◆ **About this task**
Produce a verbatim copy of the records, and keep the images out of it.
[[ Extracted information, beginning ]]
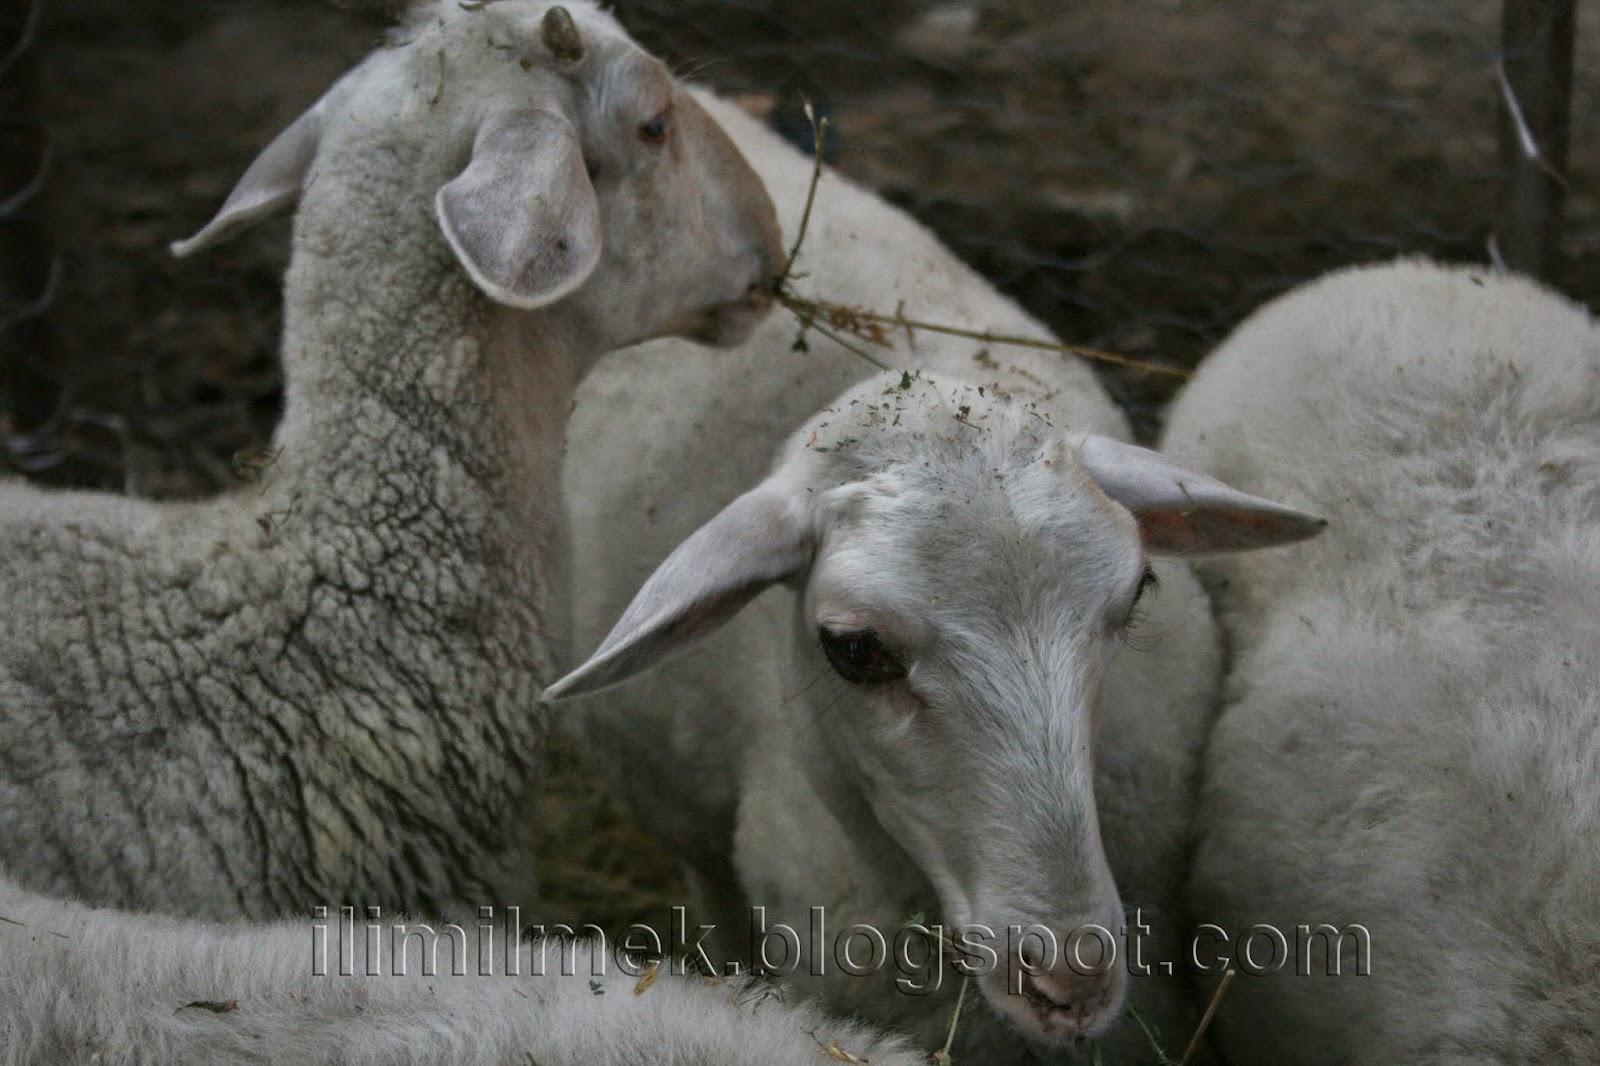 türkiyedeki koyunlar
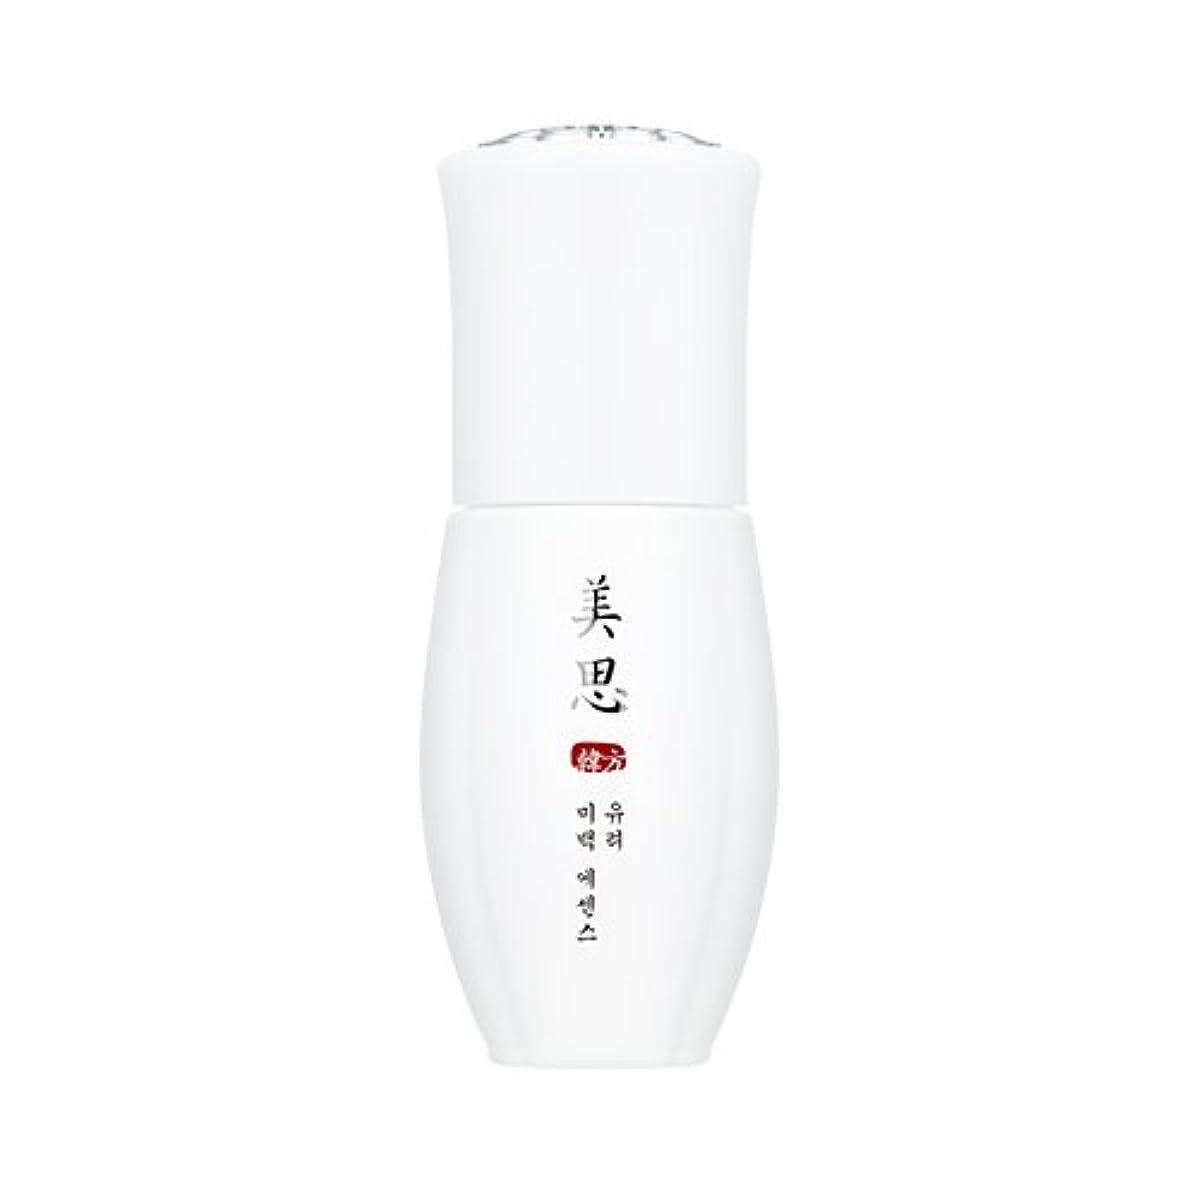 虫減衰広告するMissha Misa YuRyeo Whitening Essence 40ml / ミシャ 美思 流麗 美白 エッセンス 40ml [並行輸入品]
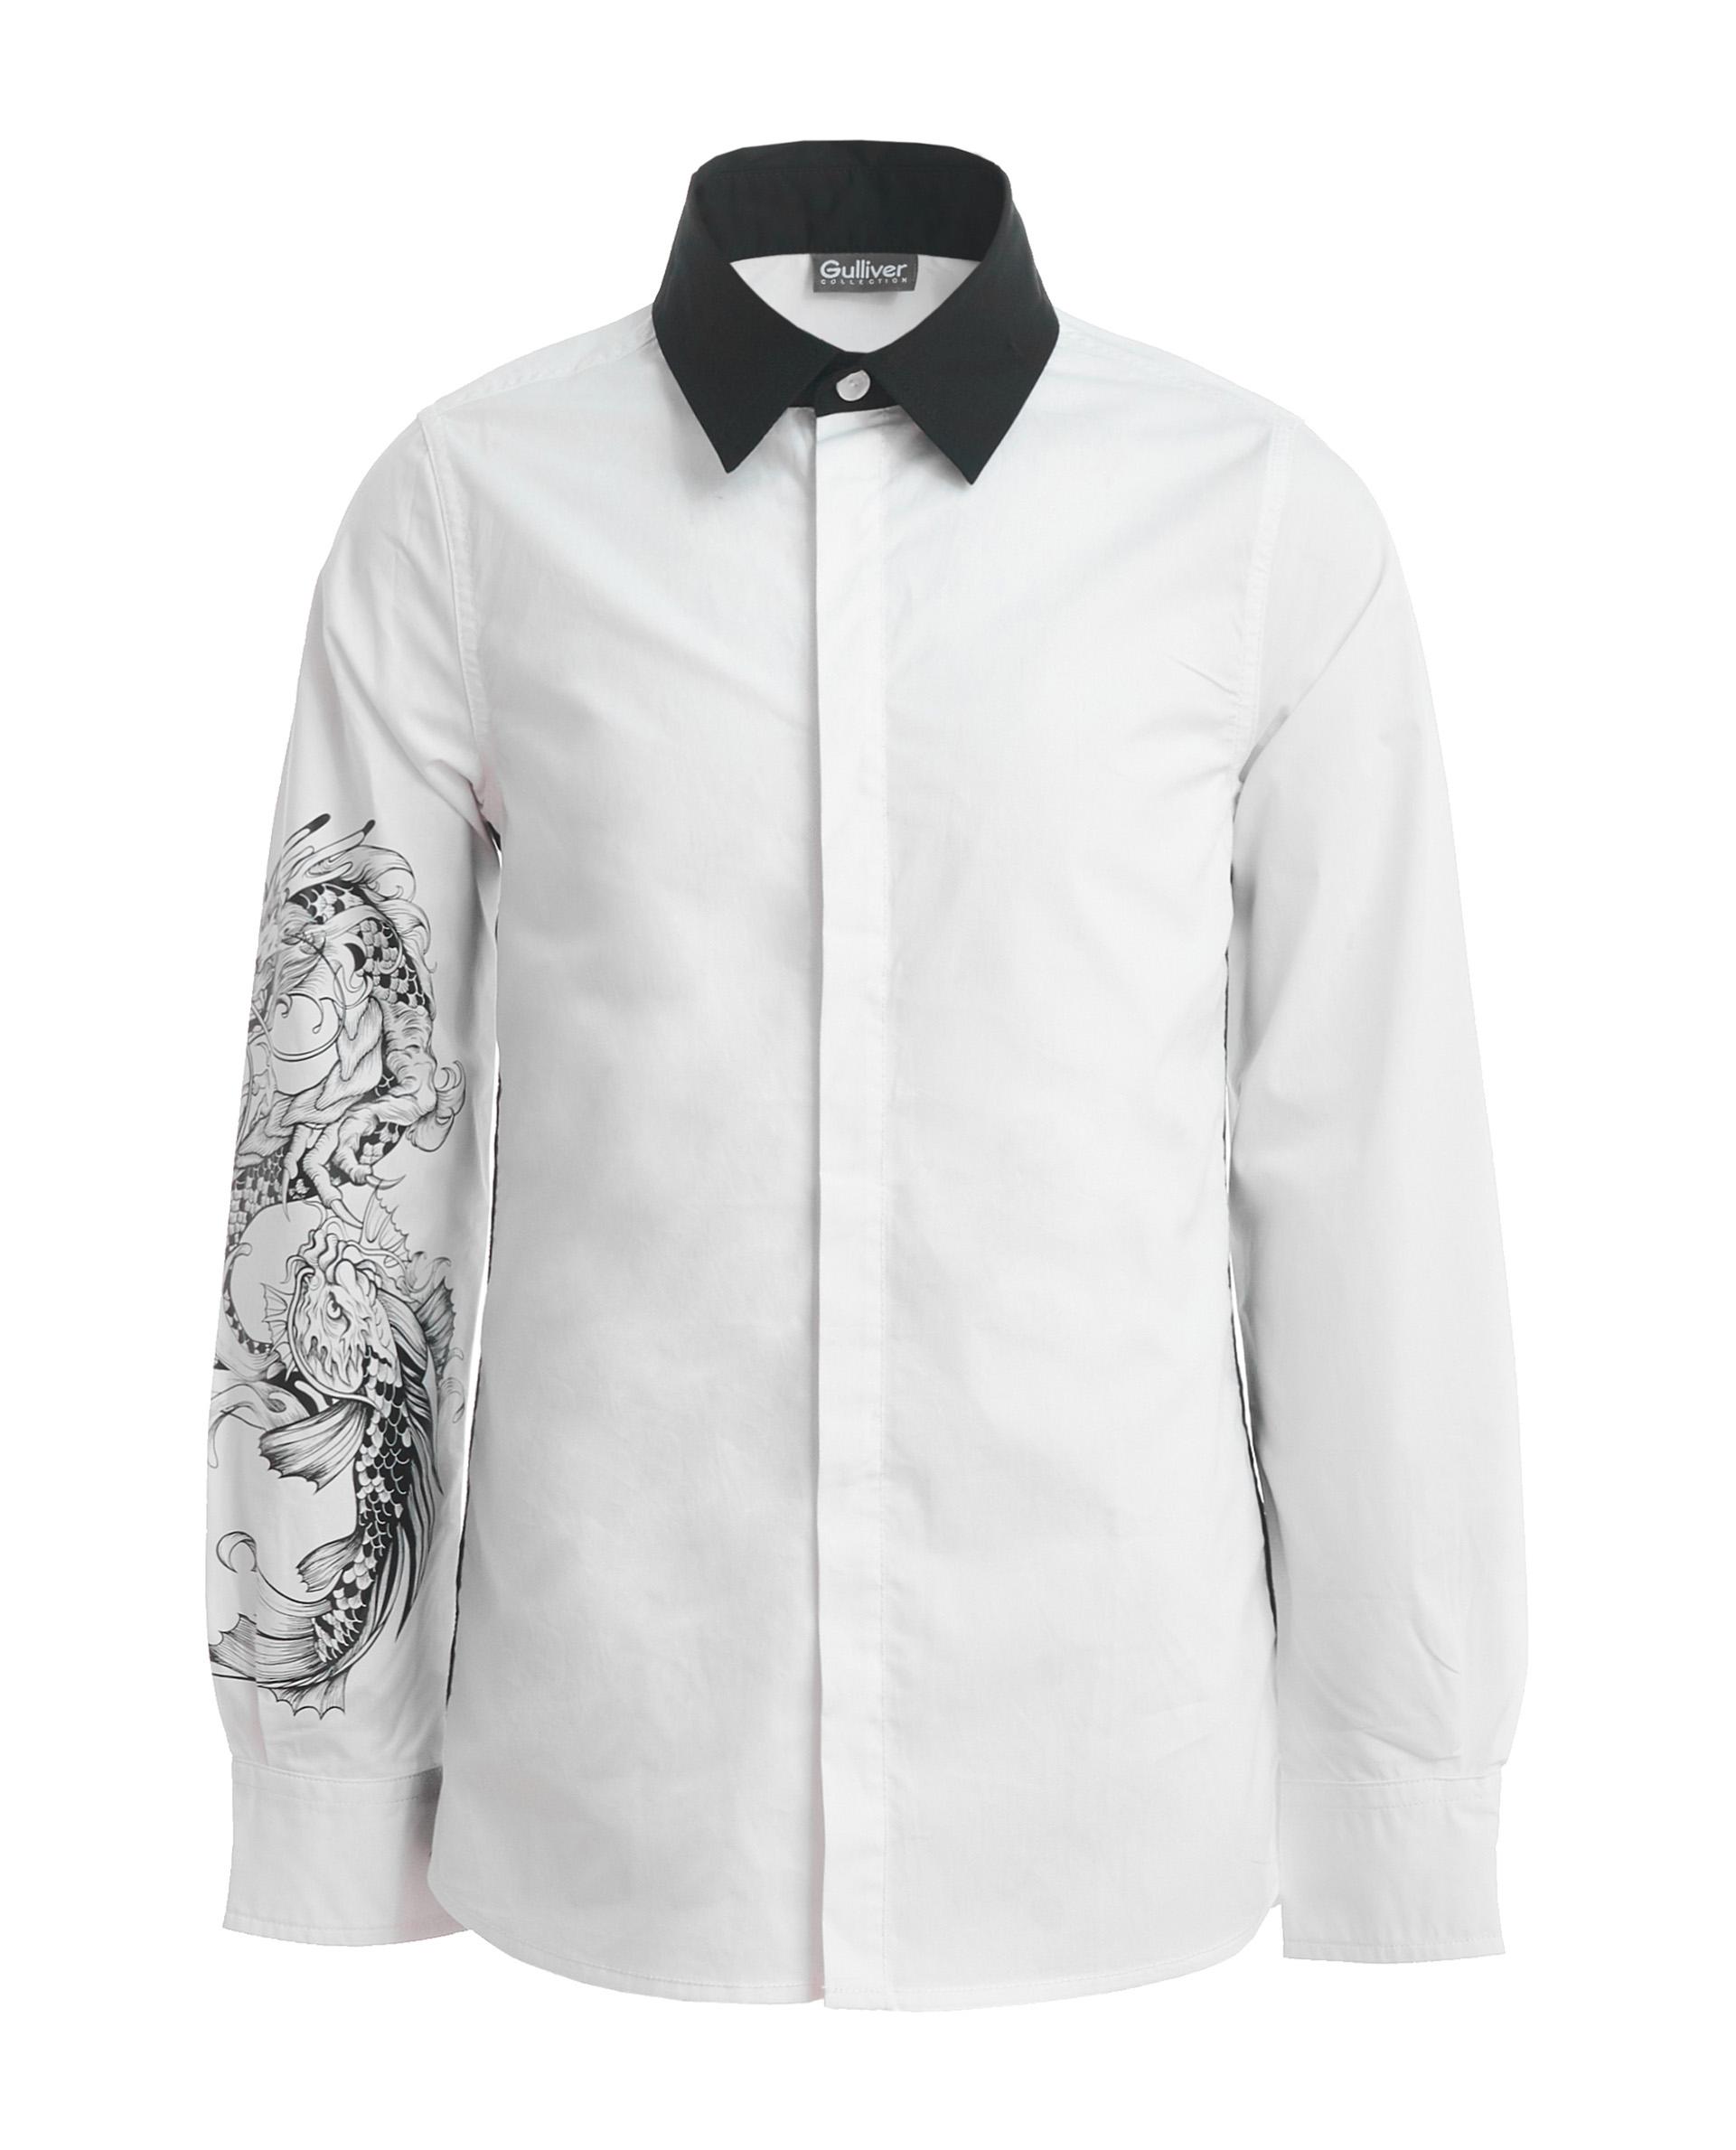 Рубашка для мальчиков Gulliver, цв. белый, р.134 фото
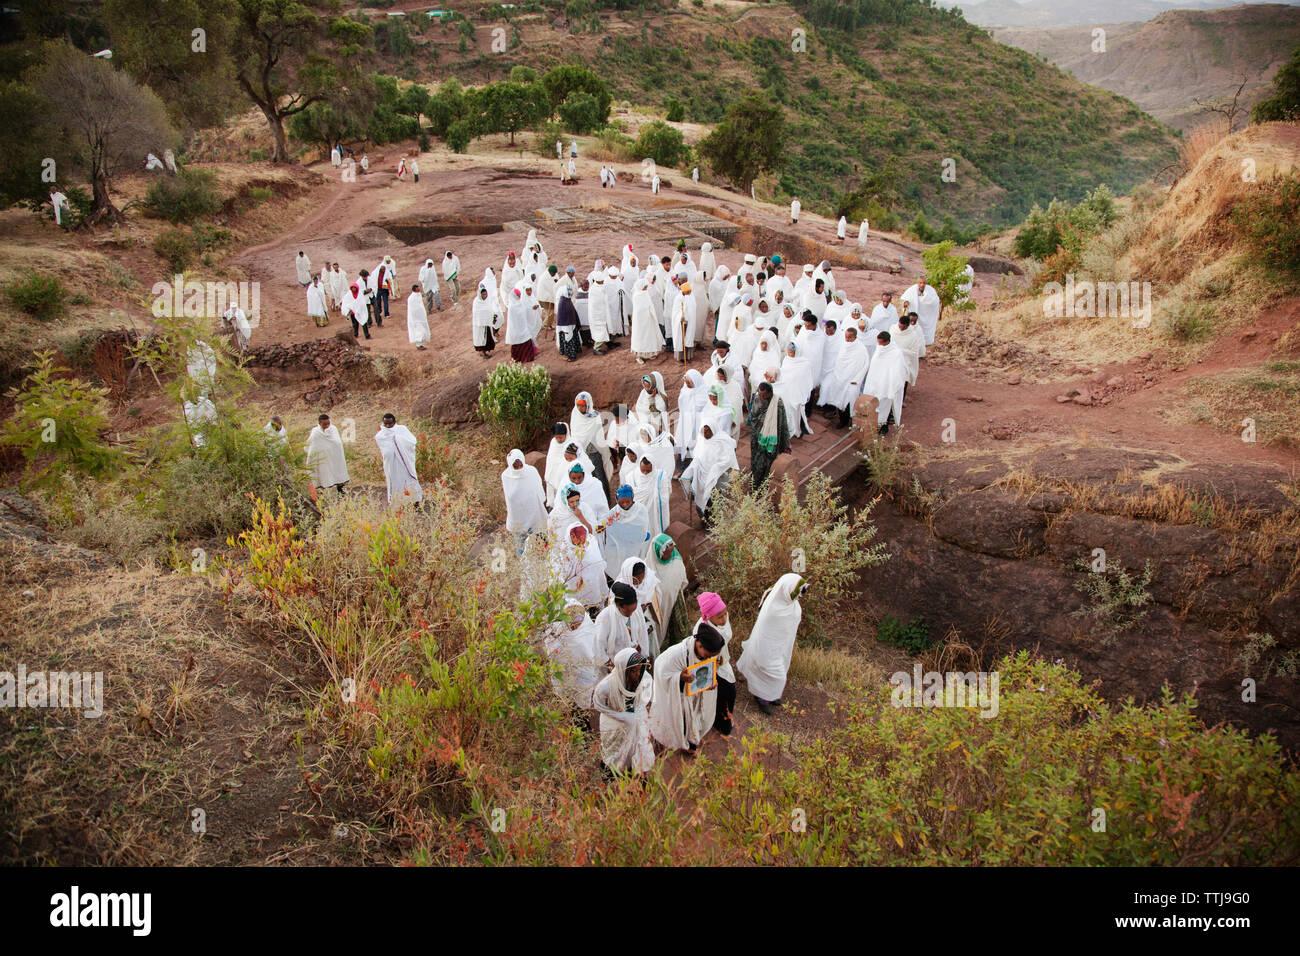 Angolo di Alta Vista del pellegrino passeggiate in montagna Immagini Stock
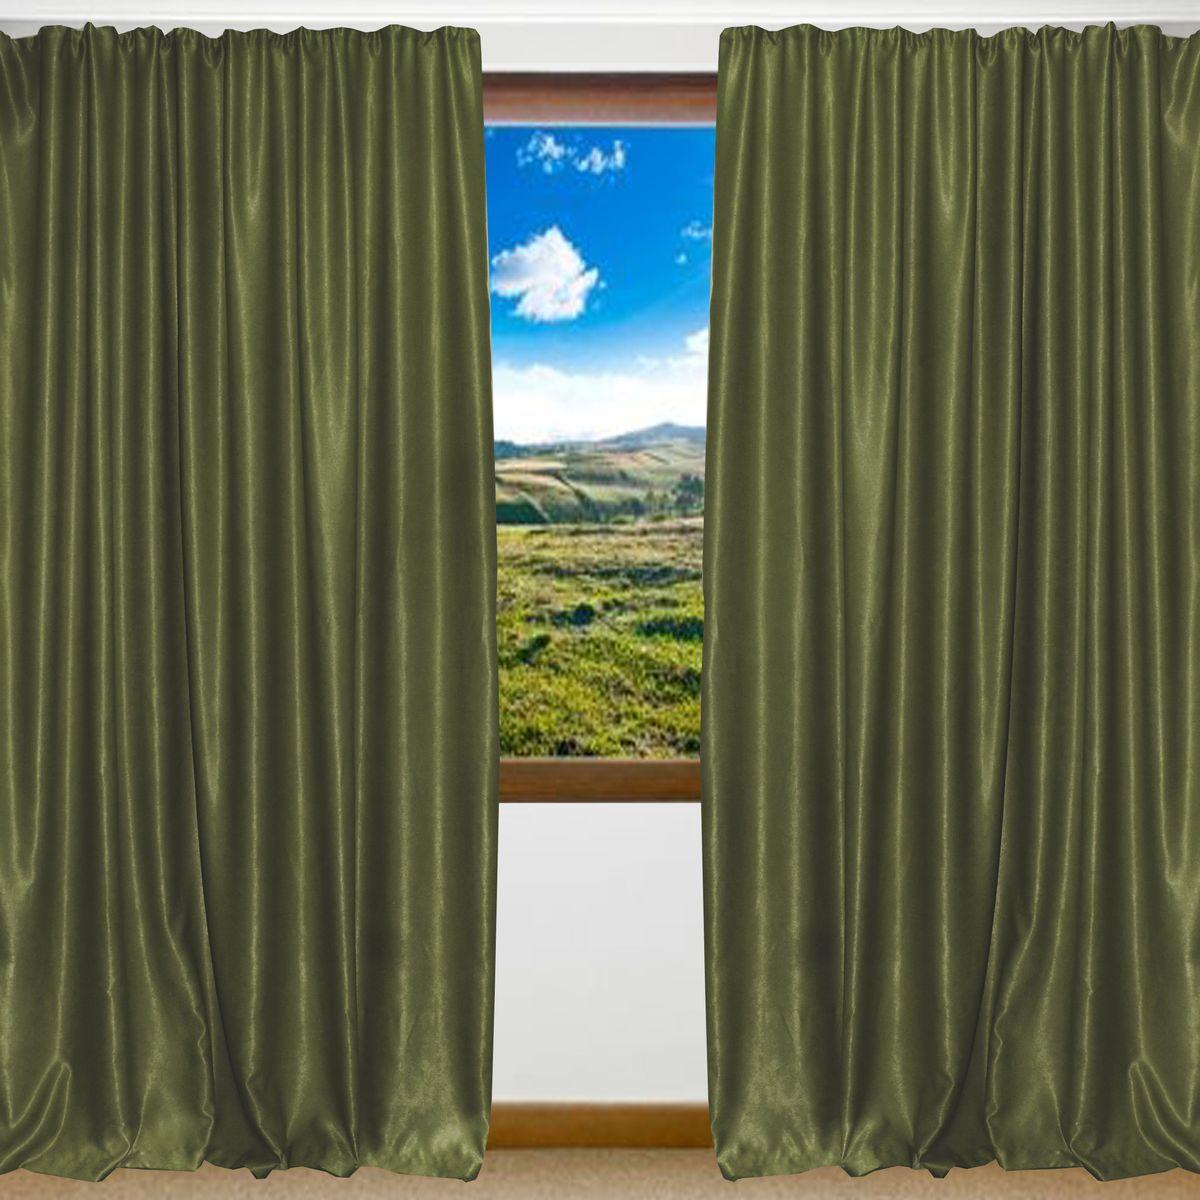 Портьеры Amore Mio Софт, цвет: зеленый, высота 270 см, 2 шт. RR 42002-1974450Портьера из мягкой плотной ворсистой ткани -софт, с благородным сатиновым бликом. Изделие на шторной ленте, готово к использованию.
[[ Extracted information, end ]]
◆ **Answer to this exercise**
 türkiyedeki koyunlar
 虫減衰広告するMissha Misa YuRyeo Whitening Essence 40ml / ミシャ 美思 流麗 美白 エッセンス 40ml [並行輸入品]
 Рубашка для мальчиков Gulliver, цв. белый, р.134 фото
 Angolo di Alta Vista del pellegrino passeggiate in montagna Immagini Stock
 Портьеры Amore Mio Софт, цвет: зеленый, высота 270 см, 2 шт. RR 42002-1974450Портьера из мягкой плотной ворсистой ткани -софт, с благородным сатиновым бликом. Изделие на шторной ленте, готово к использованию.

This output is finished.